TASK MATERIAL =

>>>

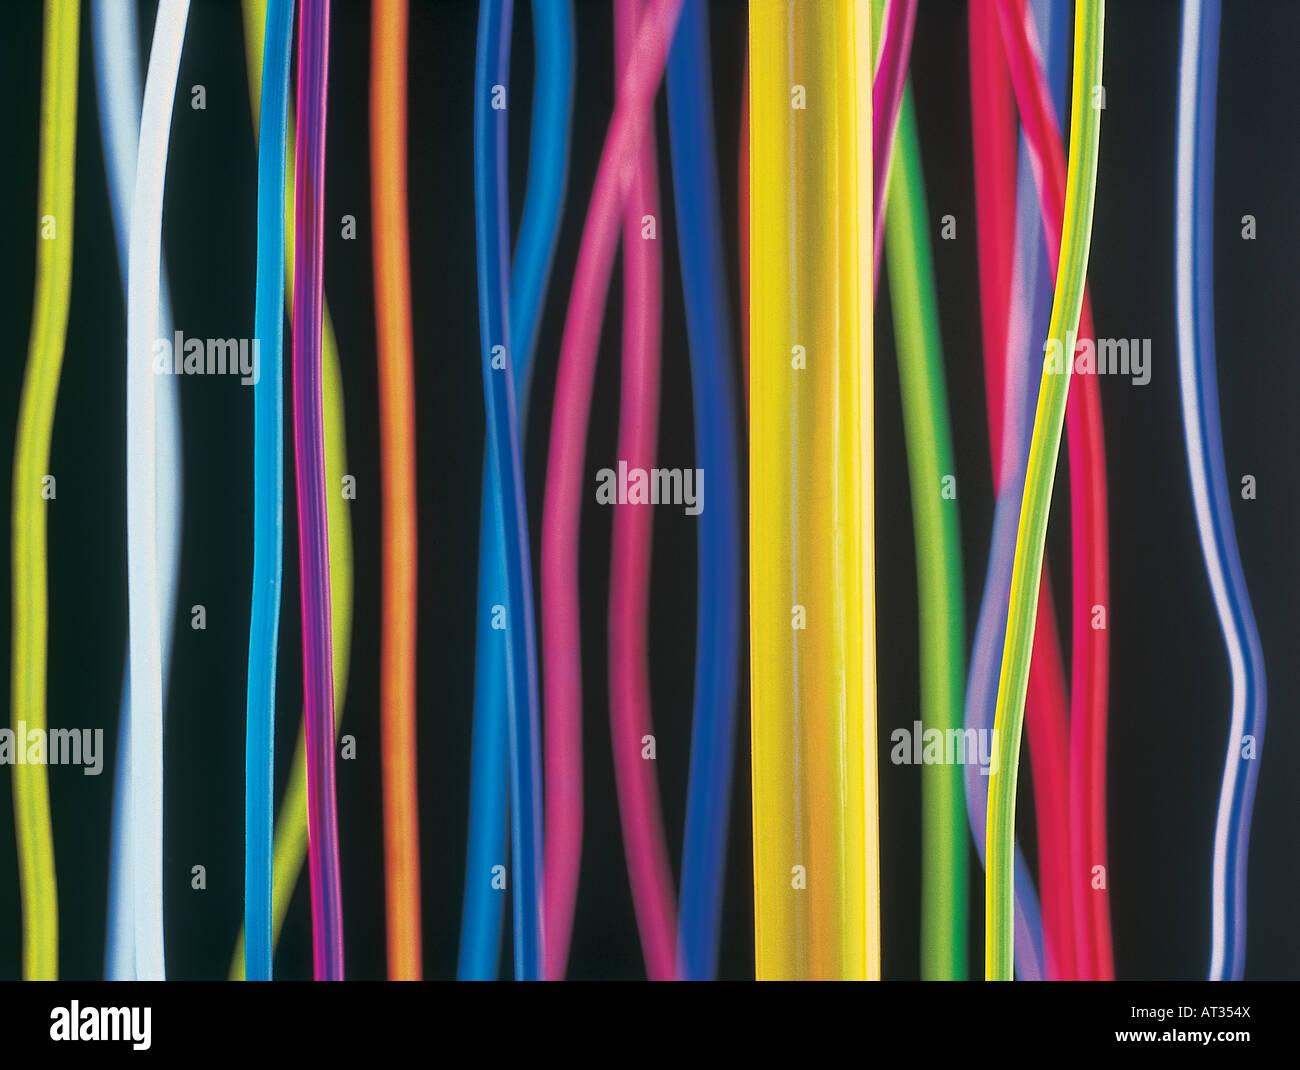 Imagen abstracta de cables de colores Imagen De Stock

<<<
>>>

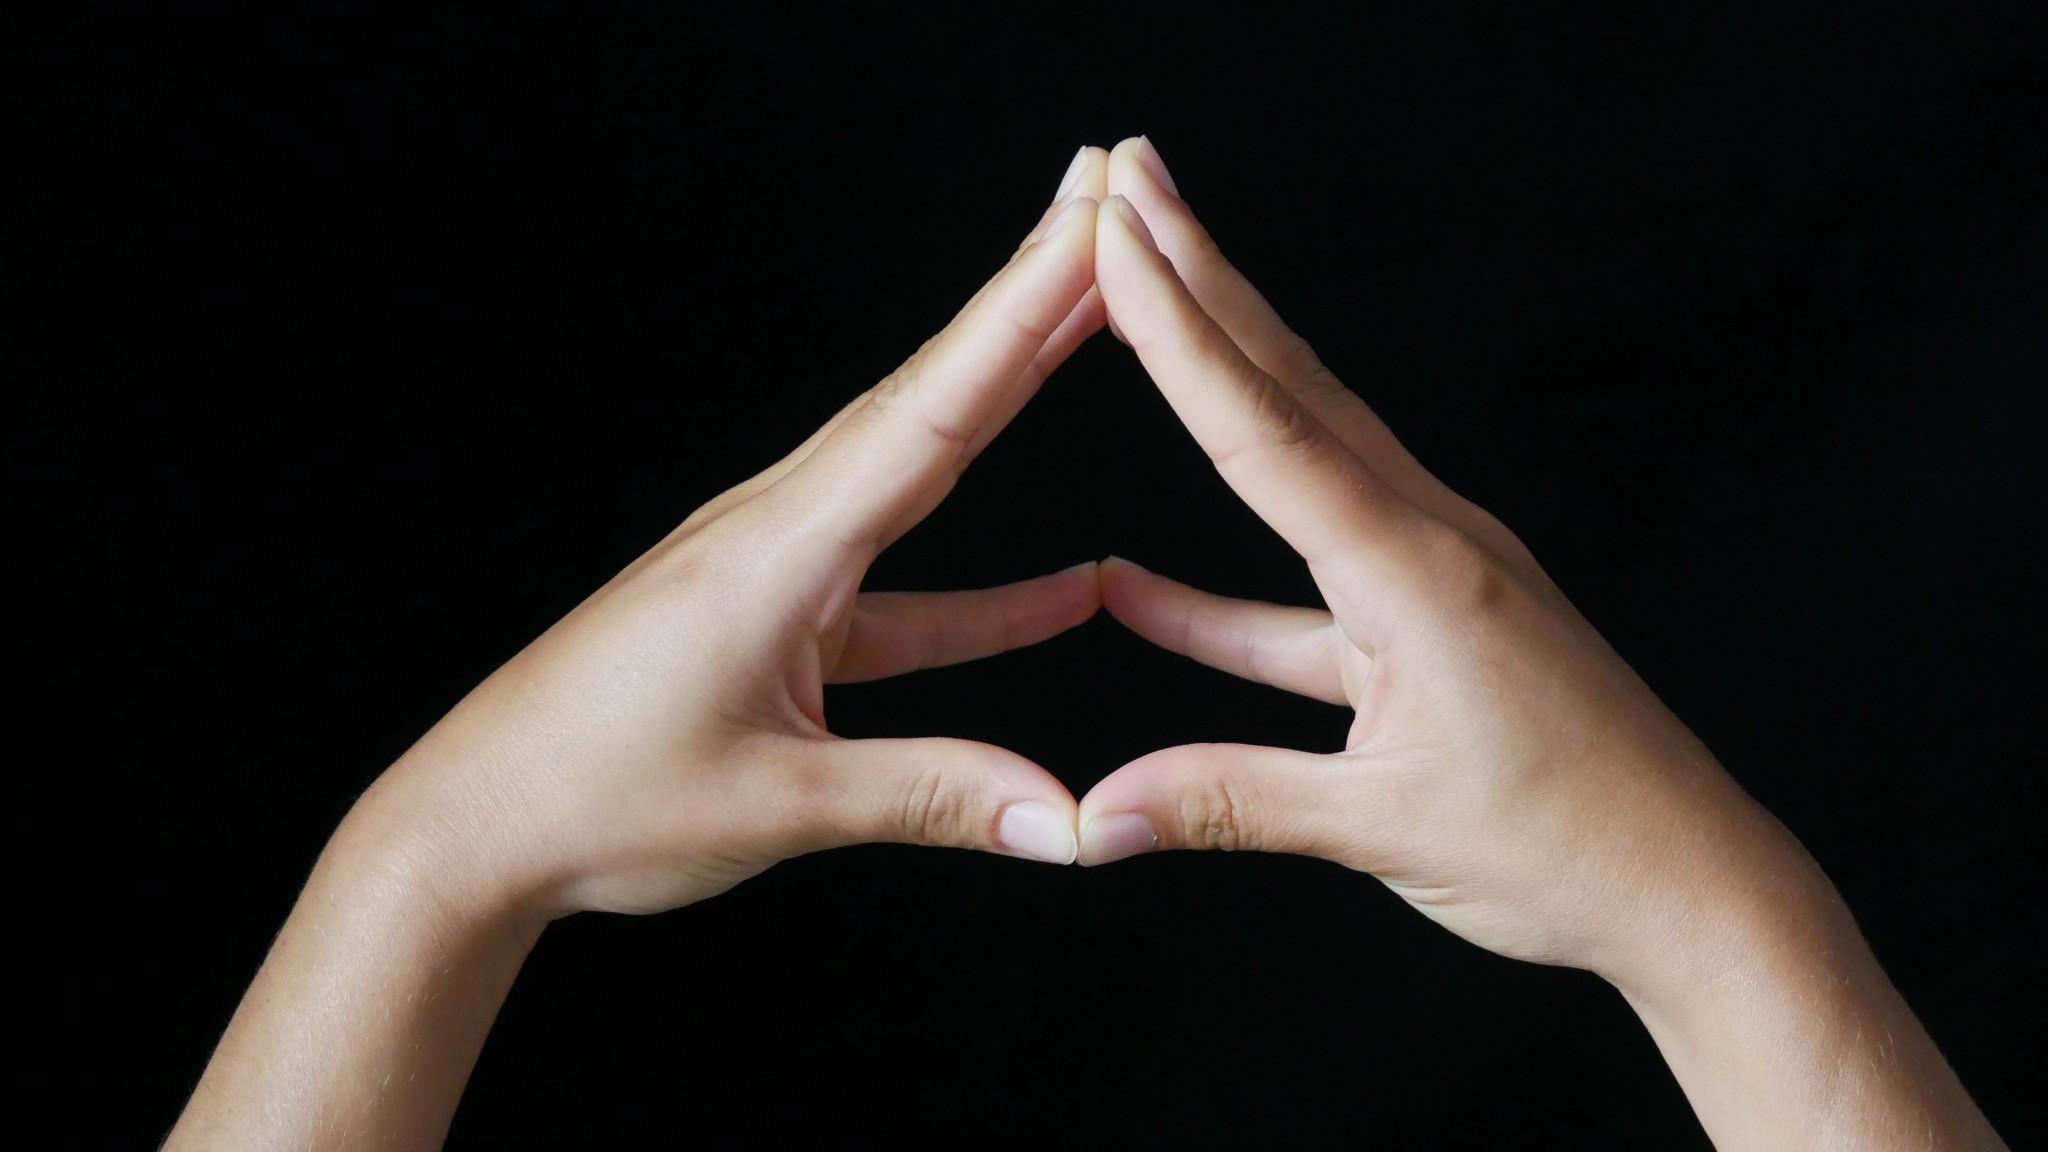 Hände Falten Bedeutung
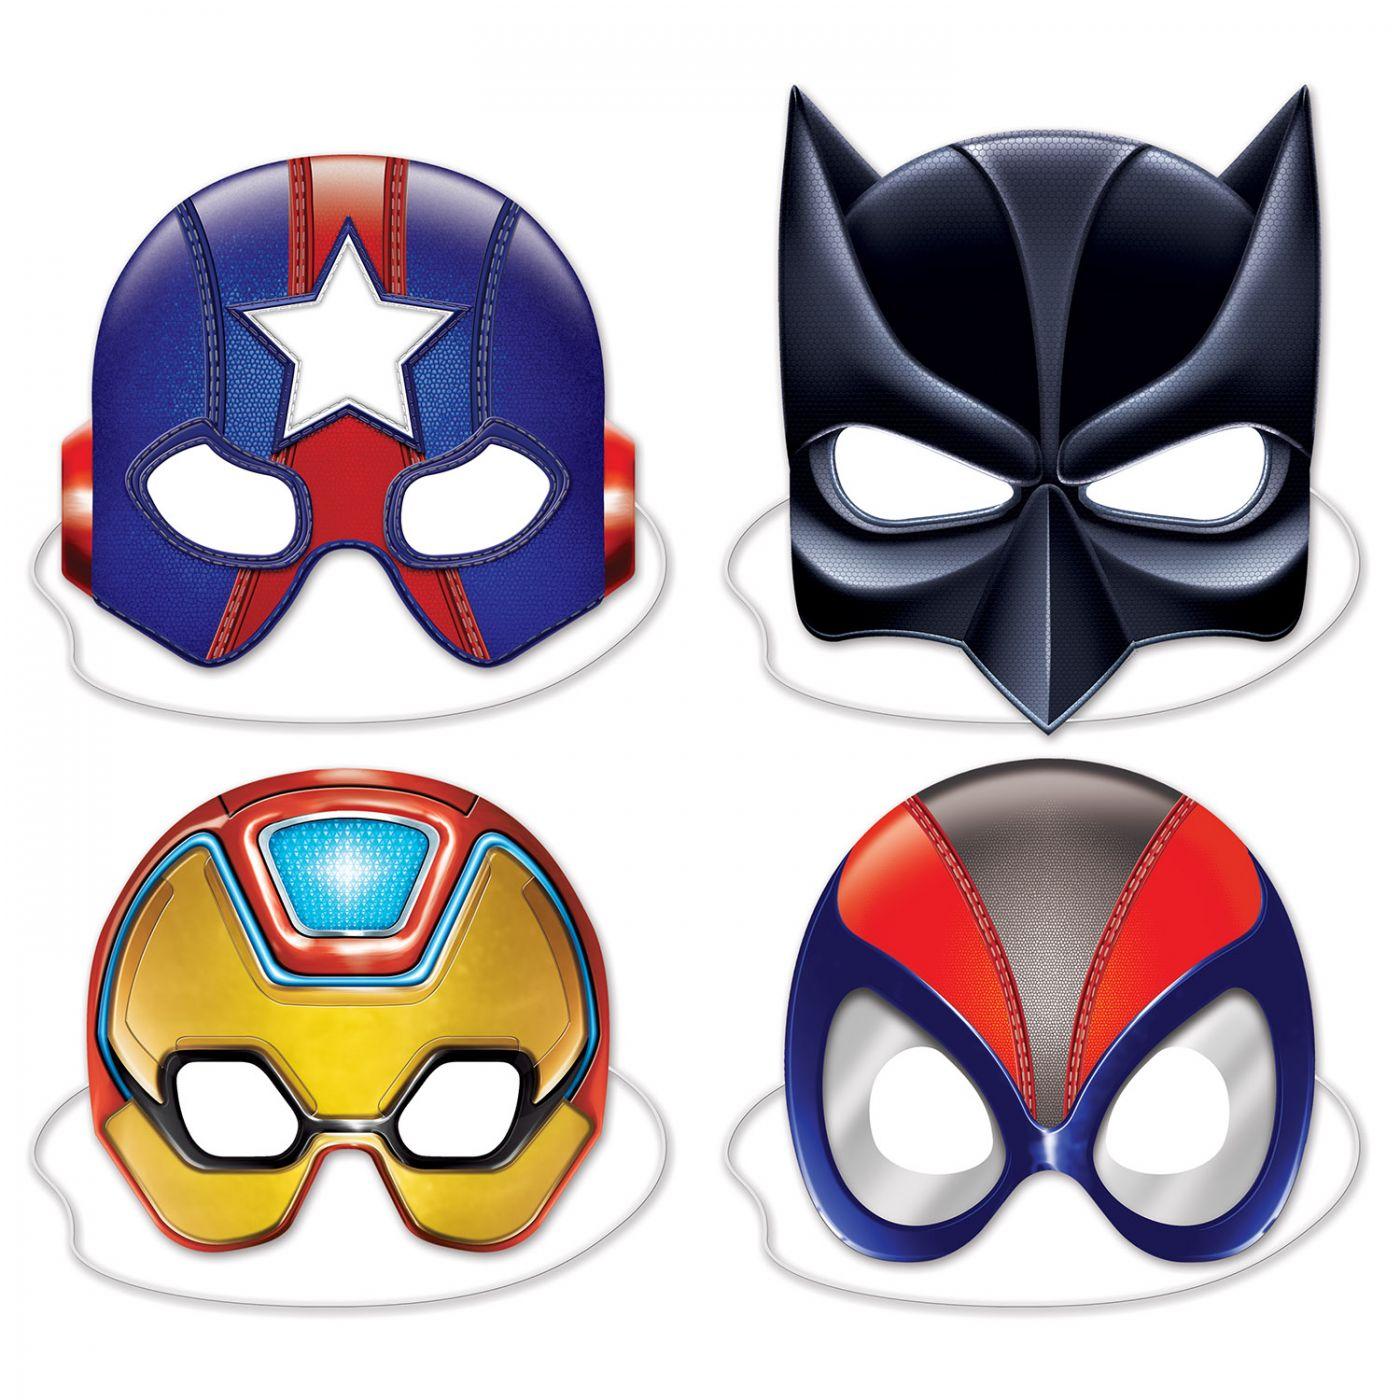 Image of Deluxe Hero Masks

<<<

YOUR ASSIGNMENT = Output exactly, and only, the lines of the entries above from the one with "Hände Falten Bedeutung" up to and including the one with "Image of Deluxe Hero Masks"; pictures are to be left out.

SOLVED EXERCISE =
 Hände Falten Bedeutung
 Image of Deluxe Hero Masks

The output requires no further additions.